I also remember getting into Alanis Morrisette but everyone was into her in Canada in the mid 90s. I was just kind of bouncing around with stuff like Aerosmith, Alanis, and Oasis. Then 1997 happened. Nine Lives by Aerosmith sucked. Jagged Little Pill was losing steam. Oasis Be Here Now… was a let down. I was without a country.

It was around this time I remembered being at my cousin Jesse’s house watching MuchMusic. First they played, “Hold Me Thrill Me Kiss Me Kill Me” by U2 which I thought was a cool music video. And then they played “Hurt” by Nine Inch Nails. The live music video version with the black and white footage ending with the bird diving into the water for the fish? That had a profound impact on me. I remember hearing “The Perfect Drug” and thinking this music is kinda like the videogames I play. There’s that sort of crunch I remember from playing Final Fantasy IV (“Within The Giant”) and Phantasy Star IV (“Laughter”) that was appealing me to Nine Inch Nails.

In the eighth grade I remember we had to do a lipsync music thing in front of our class. I can’t remember if I did “Another Brick in the Wall Pt. 2” by Pink Floyd or “School’s Out” by Alice Cooper. What I do remember is there was this older high school kid who came to help my teacher for this and he was a definite goth kid. And he directed me to stuff like Pretty Hate Machine and The Downward Spiral. I remember asking for Pretty Hate Machine and getting it for Christmas.

I got the full Nine Inch Nails experience from 1989 to 1999 and was a full fledged huge fan by the time I saw the MTV Video Music Awards 1999 performance of “The Fragile” and I remember skipping school to go to the store and buy it. Back then the Canadian dollar was really low and it was a double album. It cost me over $30. Imagine paying that much in 2024 for 23 songs.

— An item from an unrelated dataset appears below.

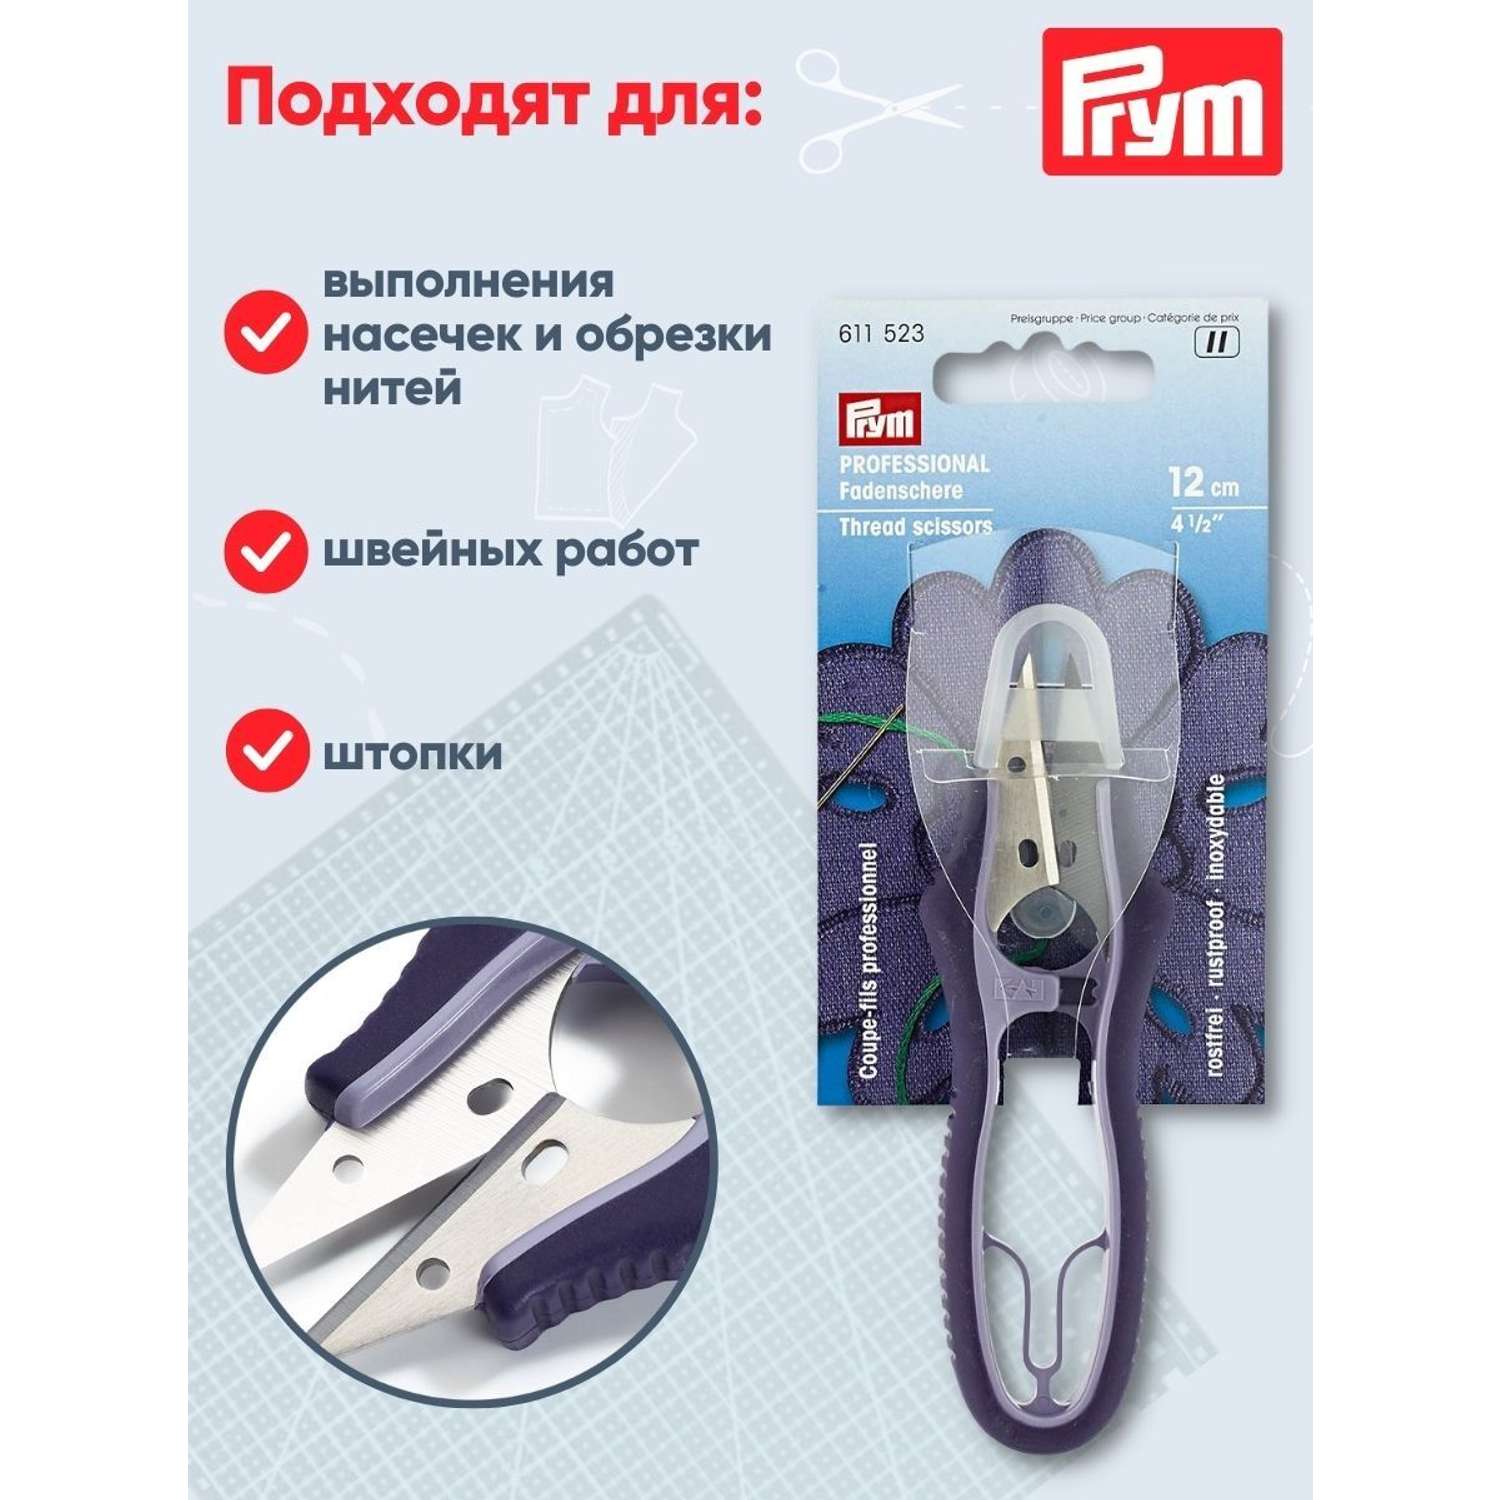 Ножницы Prym портновские со стальными лезвиями и удобными пластиковыми ручками 12 см 611523 - фото 3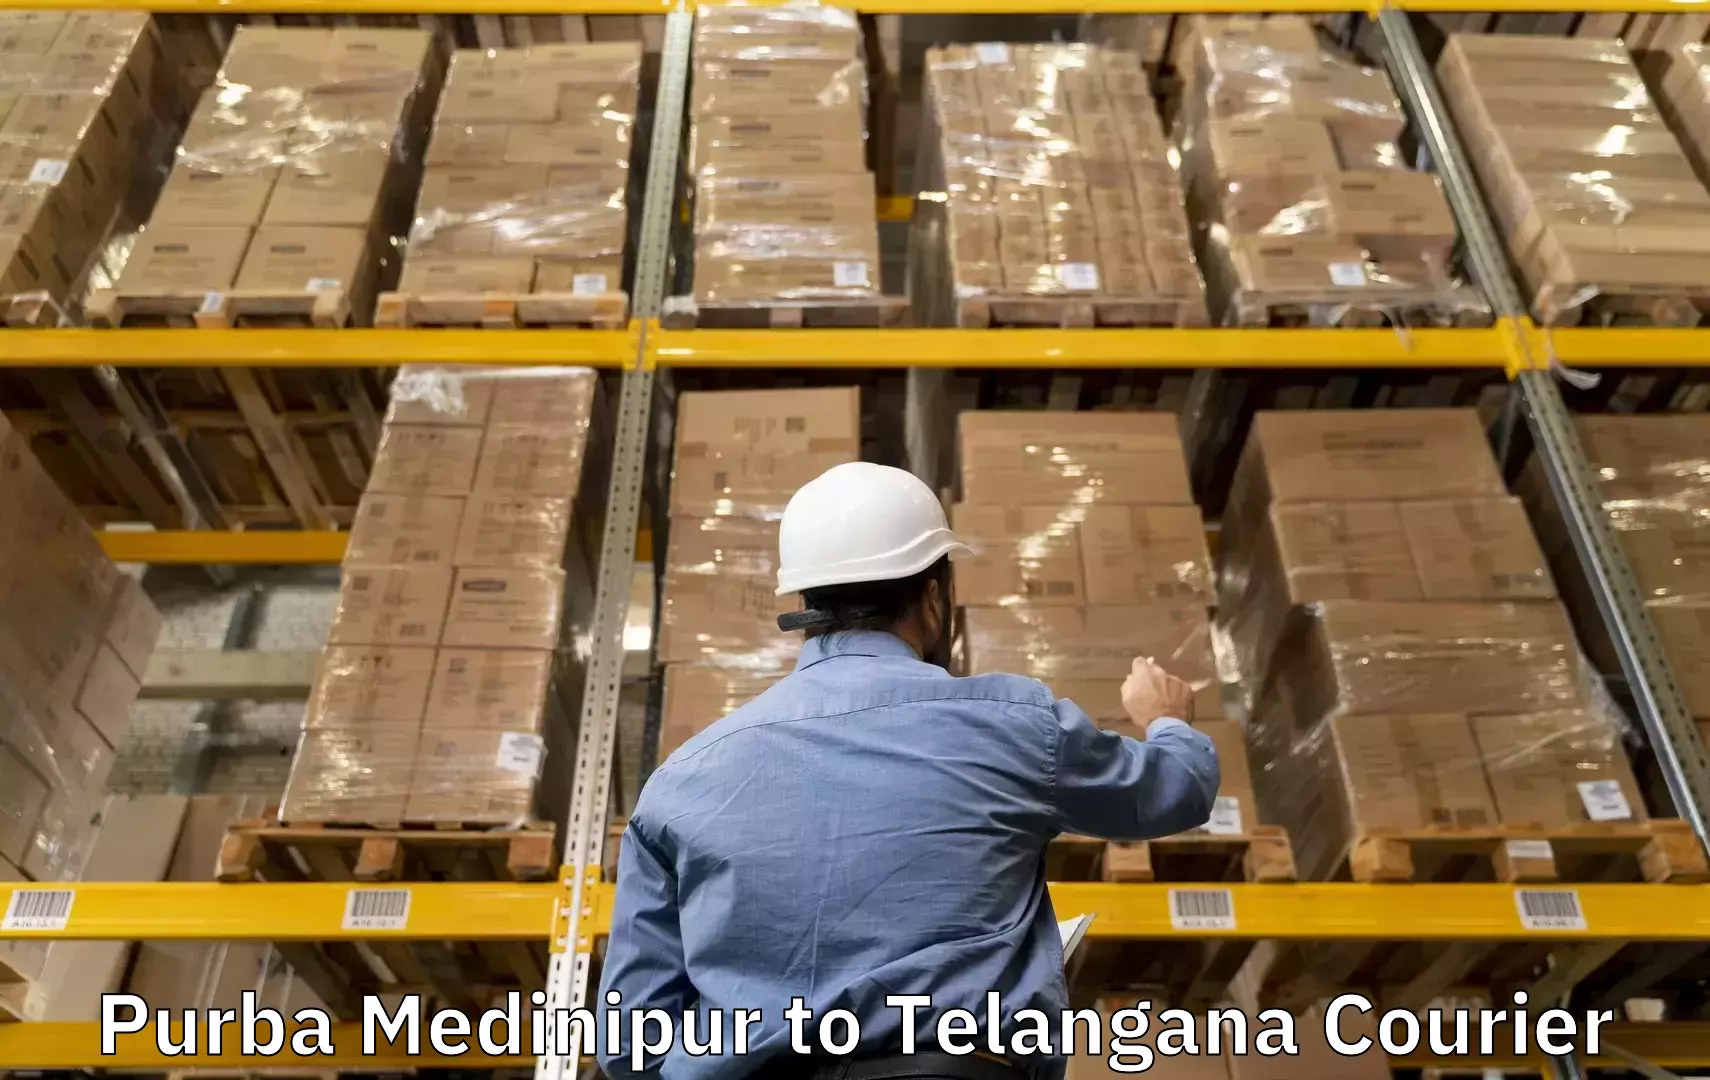 Baggage delivery estimate Purba Medinipur to Chandur

At the same time of my growing love of Nine Inch Nails I was getting into nu metal like a lot of teenage boys with angst they had nowhere to put. I remember this kid Chad saying back in sixth grade that KoRn was going to become the biggest band and he ended up being.right. I felt like okay he was right I should fall in line. I owned a KoRn shirt, I bought Limp Bizkit albums, I even had Kid Rock’s Devil Without a Cause. And I liked them? I know it sounds like I’m trying to be like, “Oh yeah I’m too good for this” but the reality is even at the time I was kind of posing.

I was a poser for KoRn.

I also won’t lie. I liked Devil Without a Cause. I listened to it a lot. There’s a lot of songs I could probably recite off the top of my head. I was into Kid Rock. Sorry.

 

Older I got, the more my tastes dropped the nu metal. I got way deeper into industrial music (KMFDM, Pig, Manson, etc.) but there was another music genre I was getting into and at the time felt embarrassed about. I would watch Electric Circus on MuchMusic, a show about young adults dancing to electronic music in Toronto. Admitting I liked this in high school would have got me attacked. I only had a few friends I would like it was a secret.